Stored data:

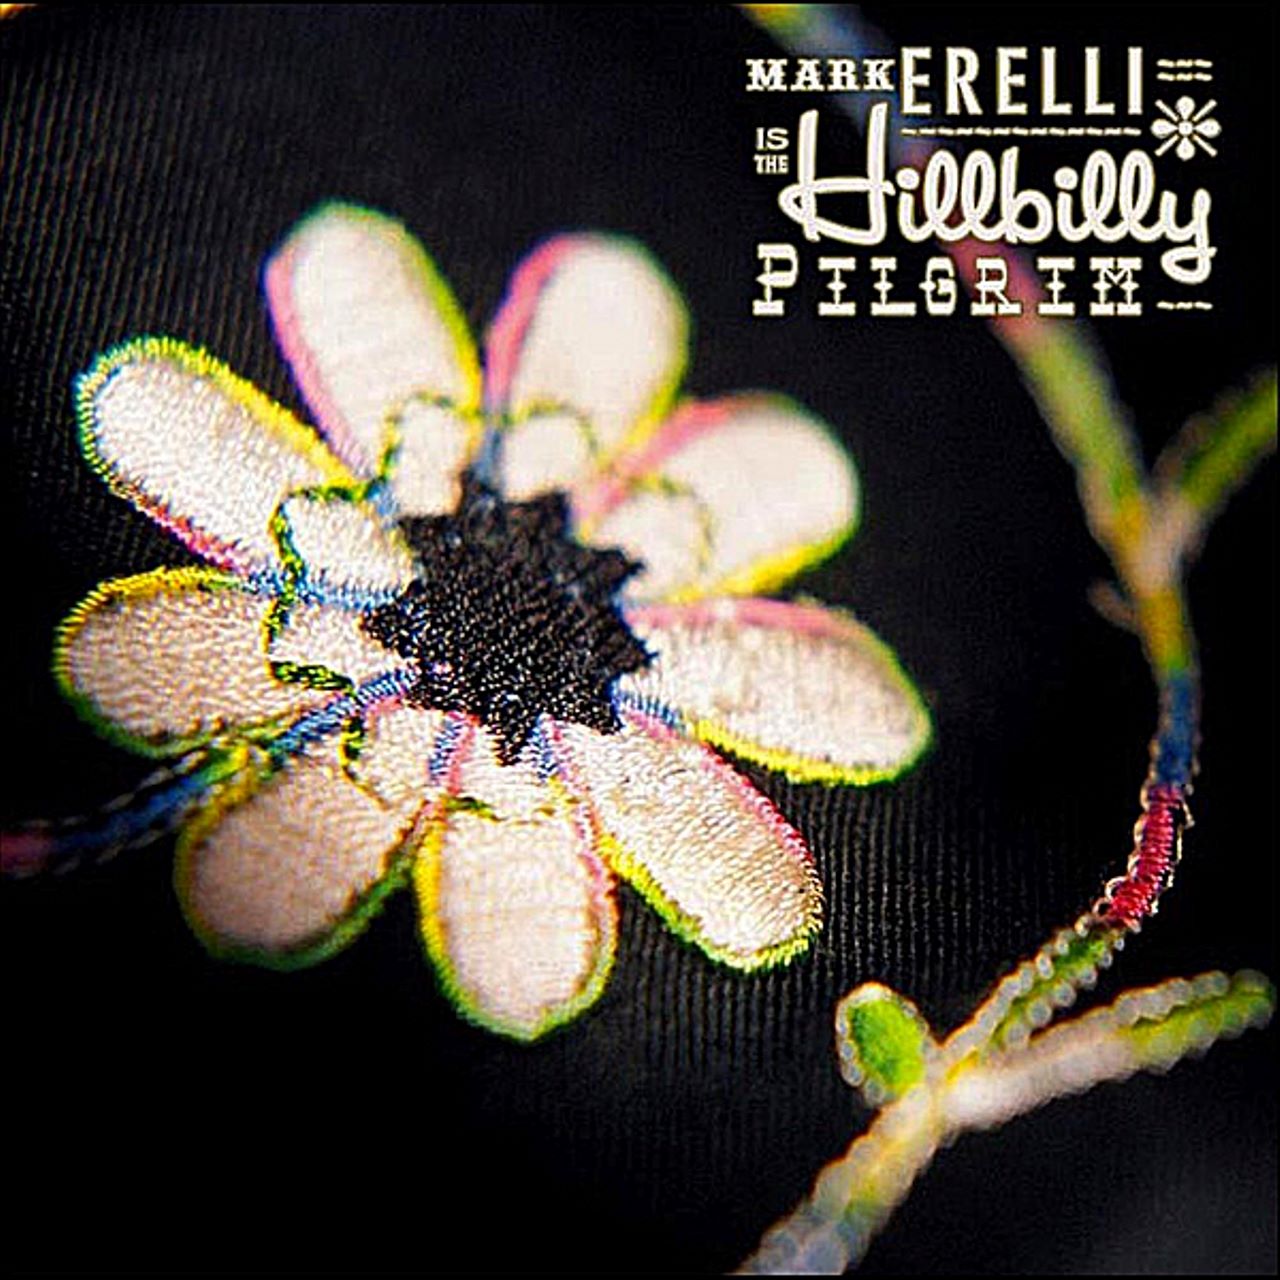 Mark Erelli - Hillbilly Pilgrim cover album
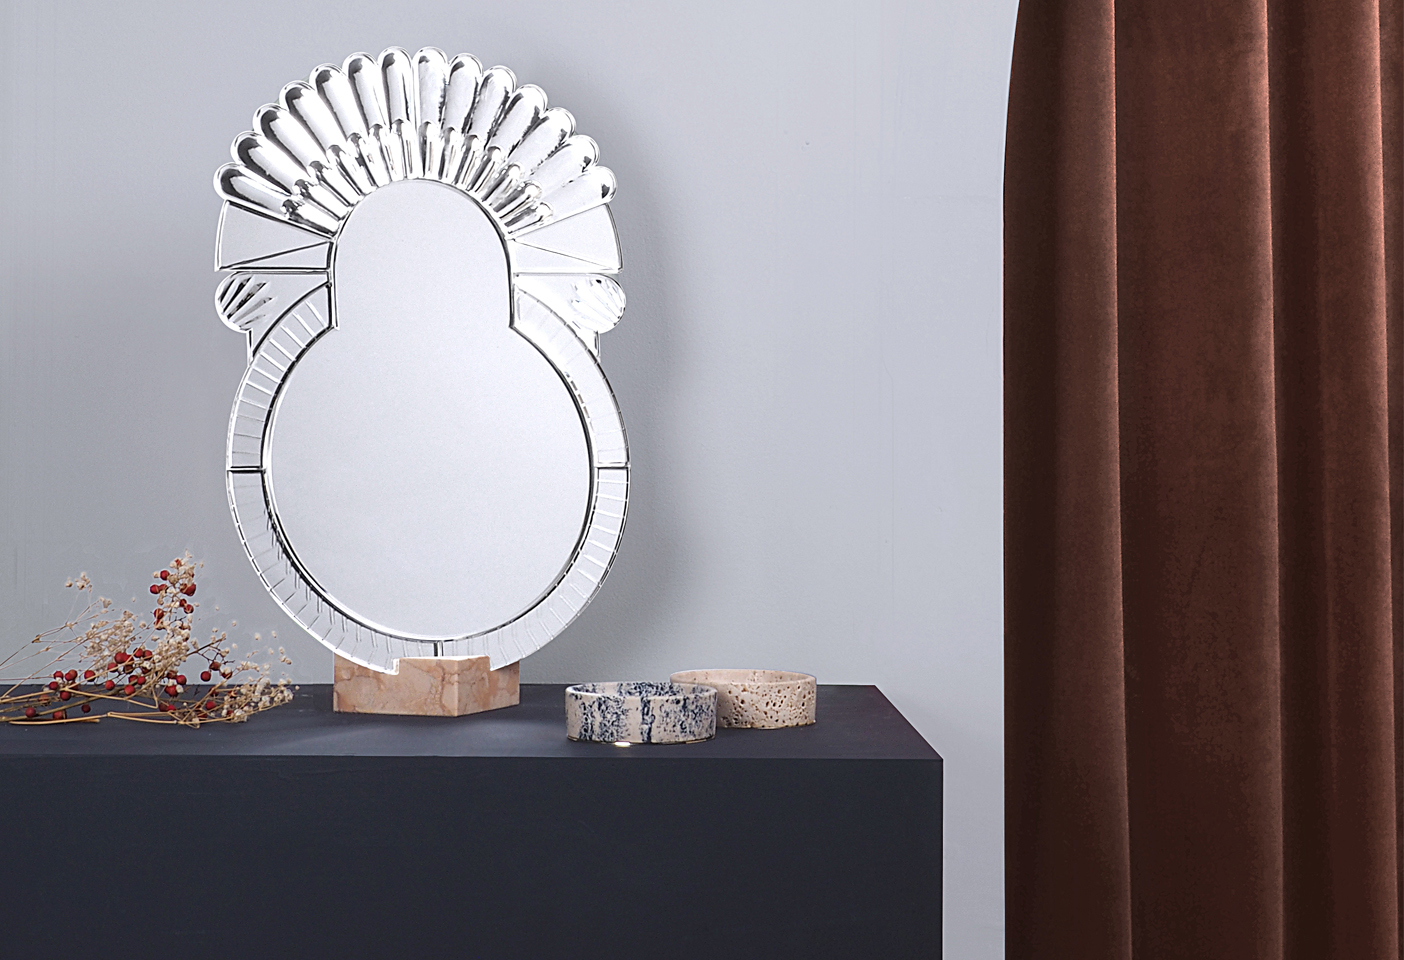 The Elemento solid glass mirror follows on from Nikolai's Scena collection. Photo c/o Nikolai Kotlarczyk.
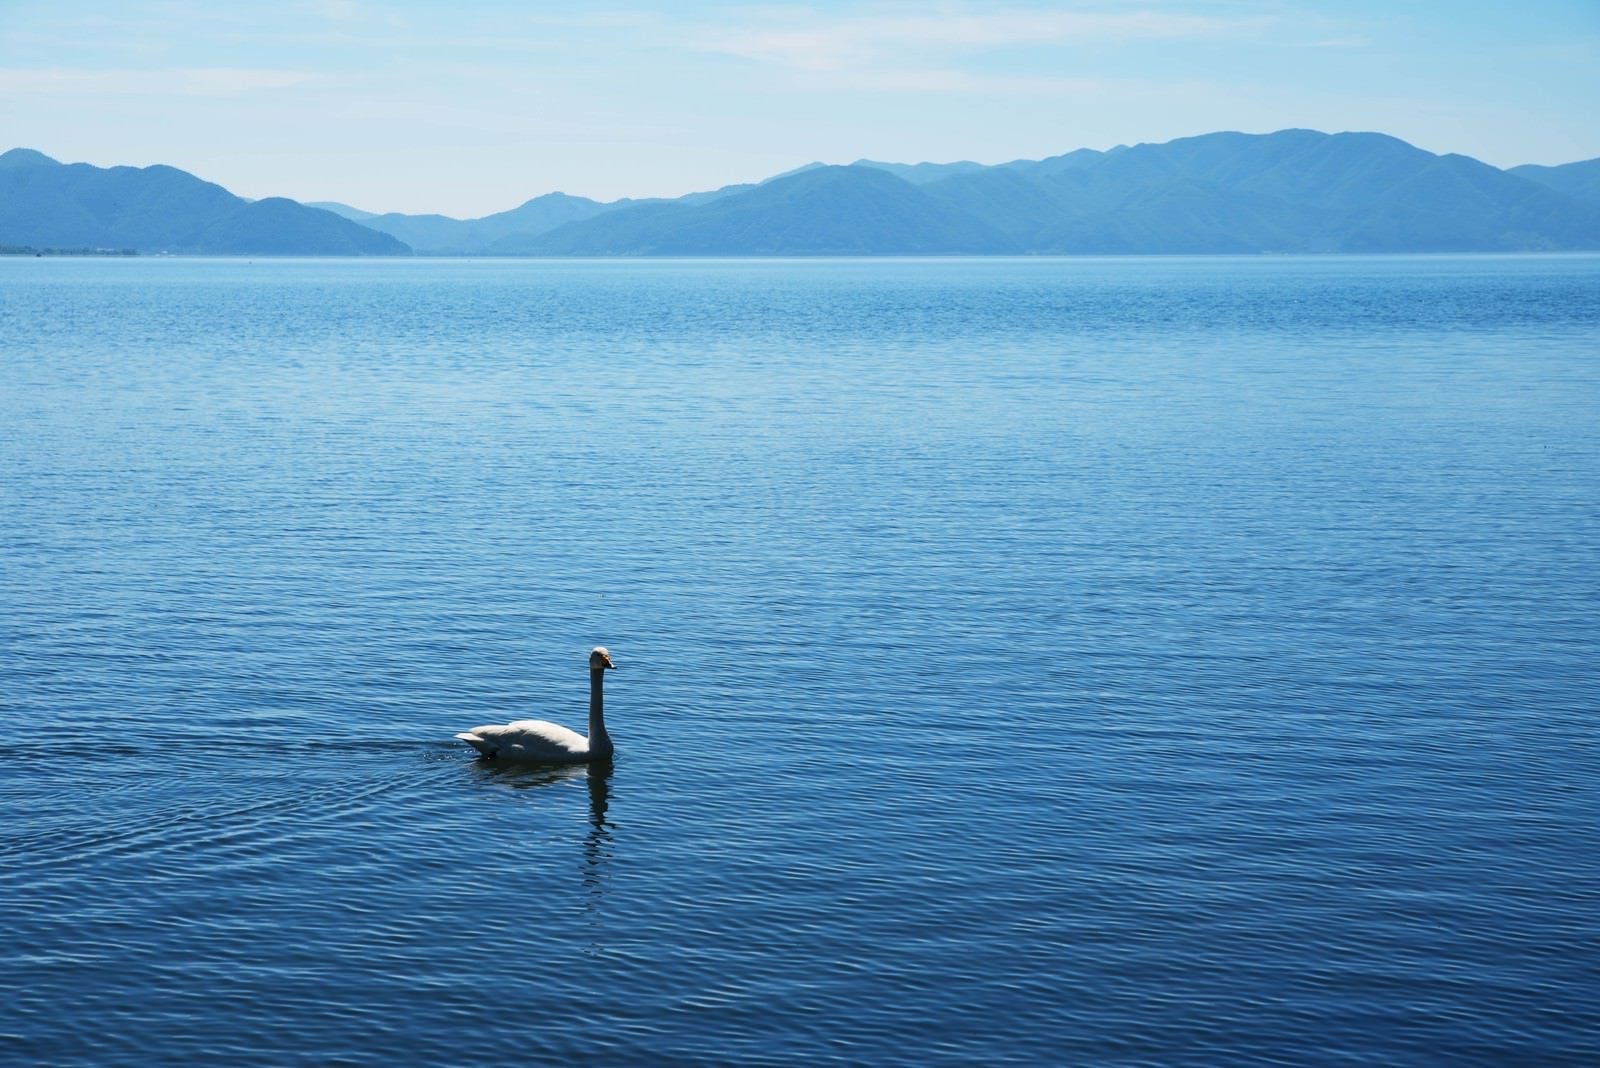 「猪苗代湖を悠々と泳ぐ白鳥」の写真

Your objective: Write out the material above again, word for word, minus its pictures.

Output for this exercise:
 Mark Erelli - Hillbilly Pilgrim cover album
 The Elemento solid glass mirror follows on from Nikolai's Scena collection. Photo c/o Nikolai Kotlarczyk.
 「猪苗代湖を悠々と泳ぐ白鳥」の写真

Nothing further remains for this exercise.